(Items from a data source)
☆ ☆ ☆ ☆ ☆
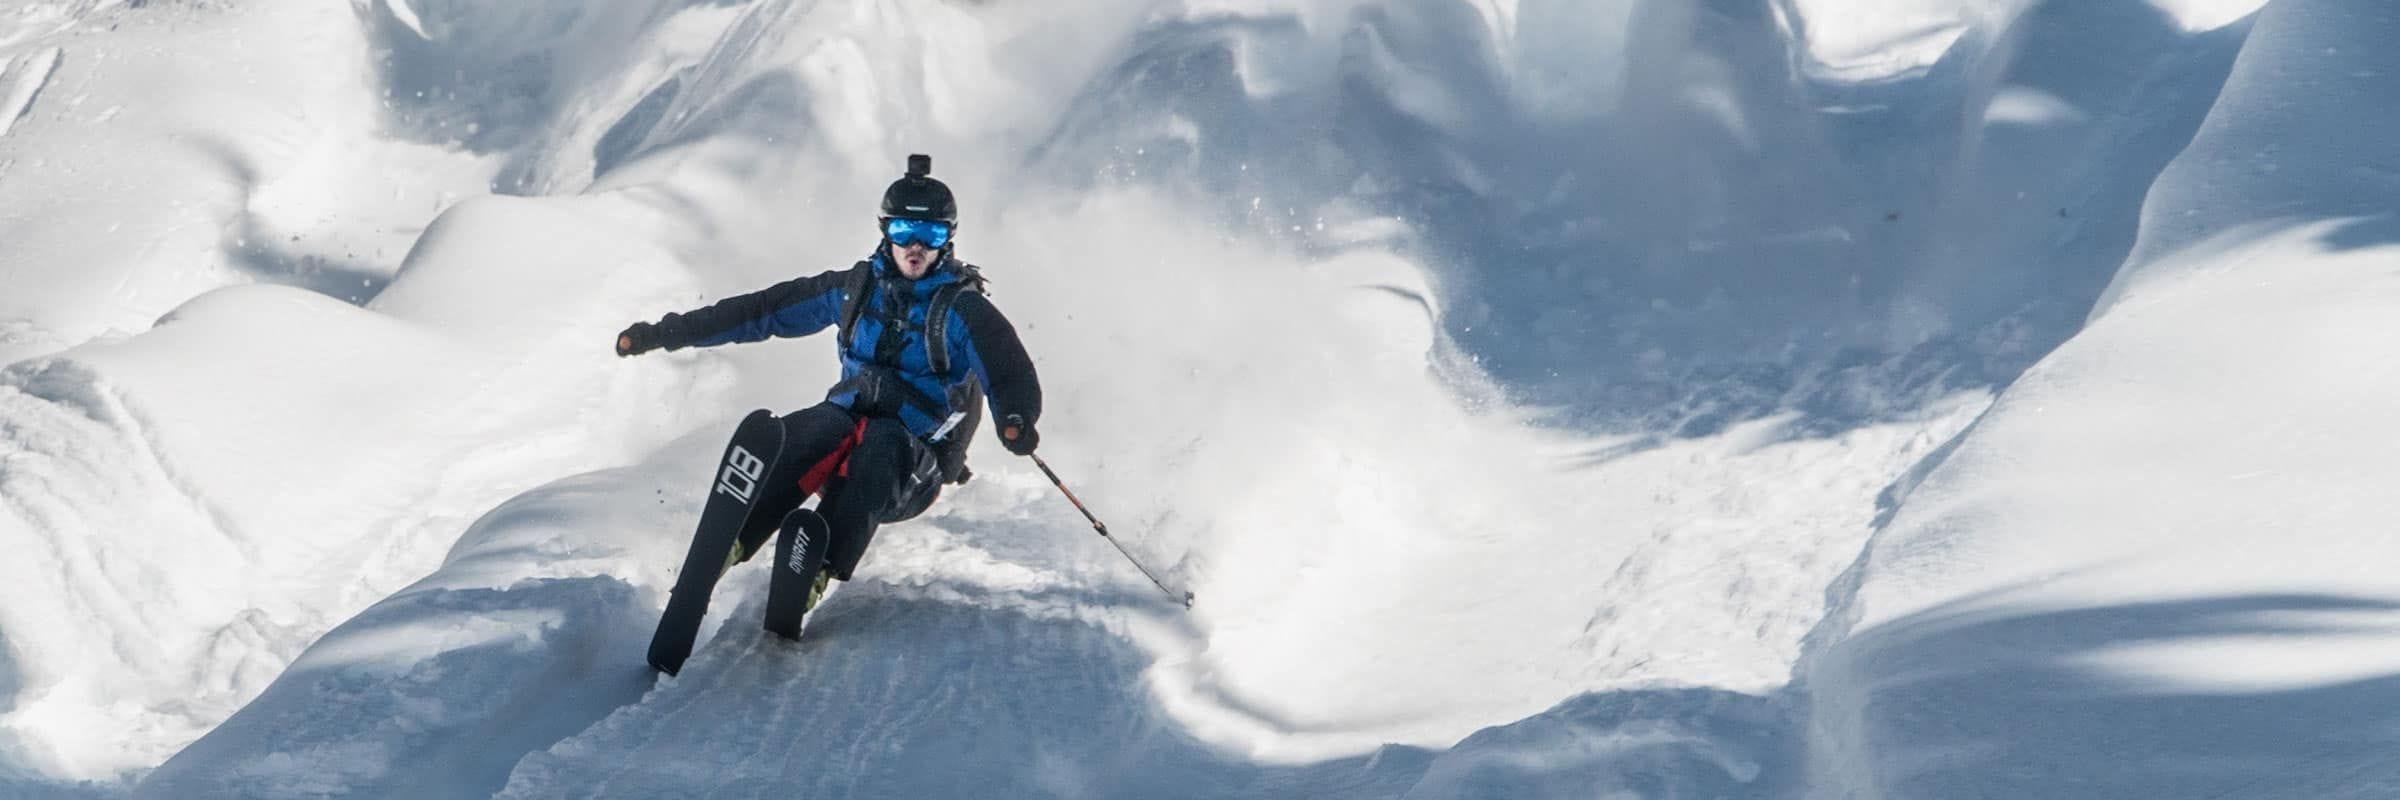 Revue du blouson de ski Teton de Peak Performance
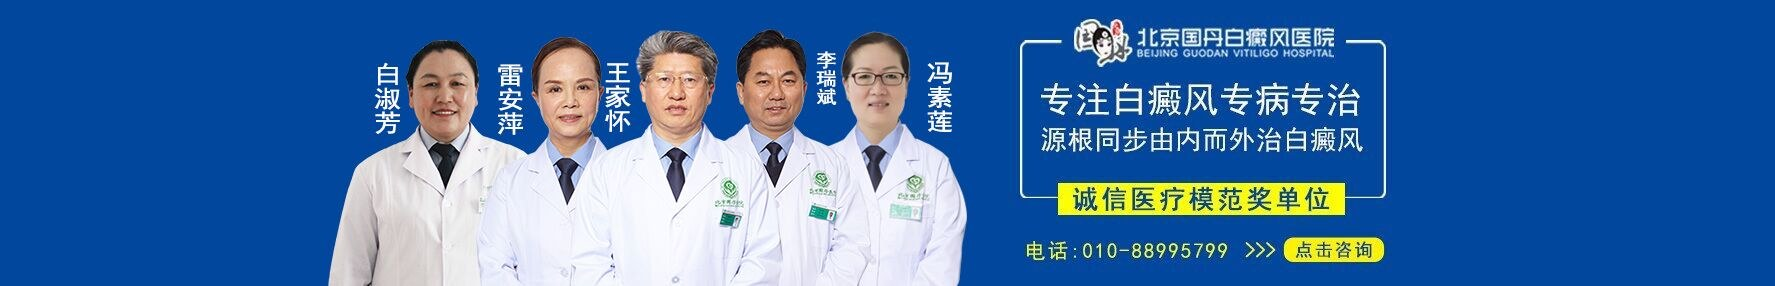 河北白癜风医院
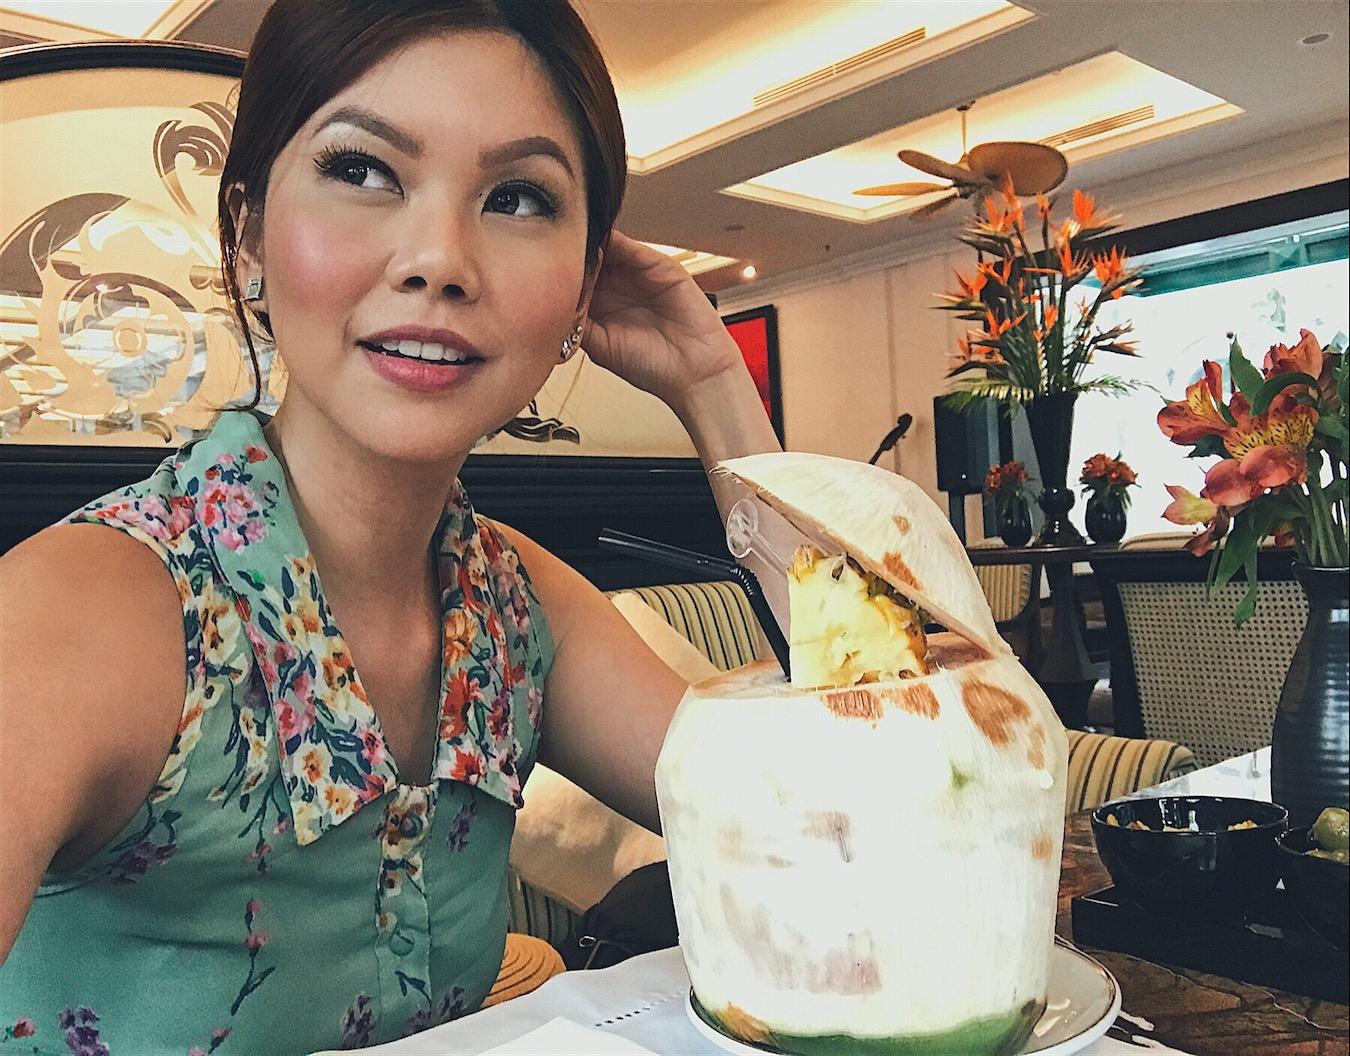 Sofitel Metropole Hanoi Bianca Valerio Vietnamese Food Tour
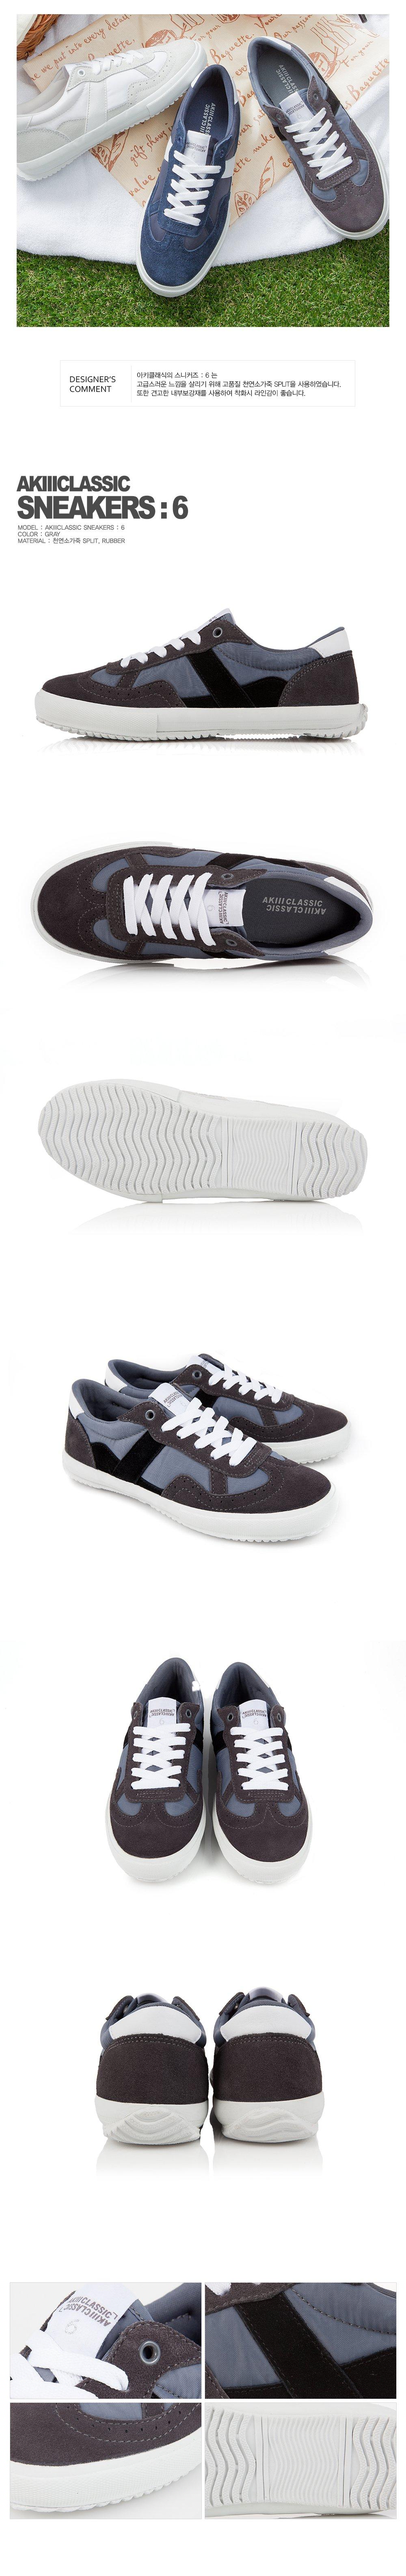 sneakers_6_gray_01.jpg
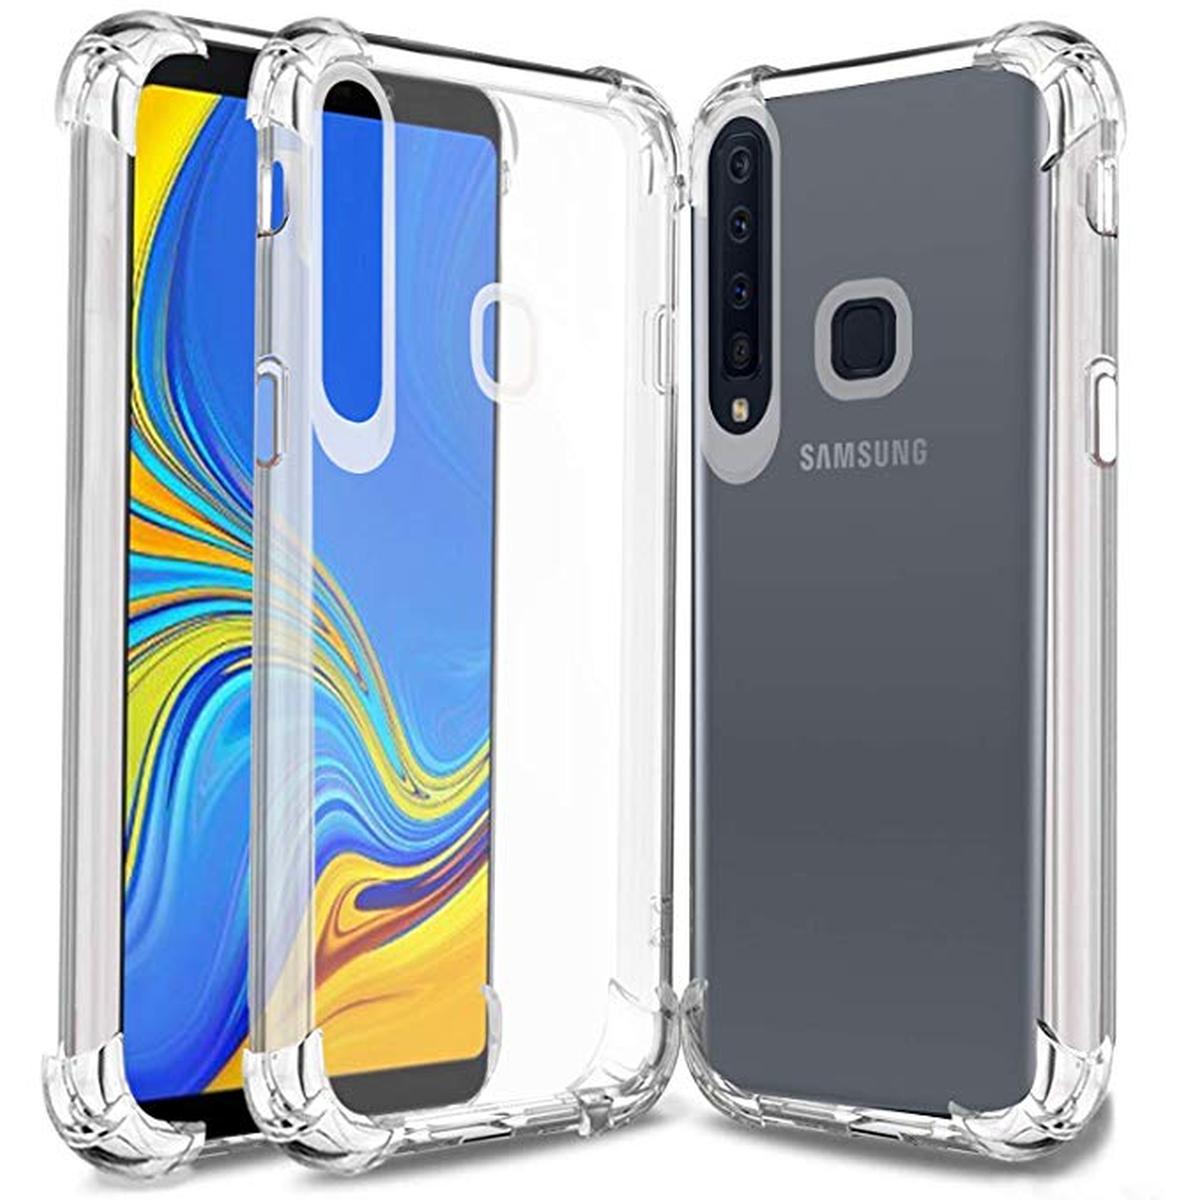 Samsung-Galaxy-A9-clear-case-1
☆ ☆ ☆ ☆ ☆
[EXERCISE AIM] Within the entries above, the lines from the one with "Sofitel Metropole Hanoi" through the final line are to be printed exactly, with the pictures removed.

[EXERCISE RESPONSE]
 Sofitel Metropole Hanoi Bianca Valerio Vietnamese Food Tour
 sneakers_6_gray_01.jpg
 Samsung-Galaxy-A9-clear-case-1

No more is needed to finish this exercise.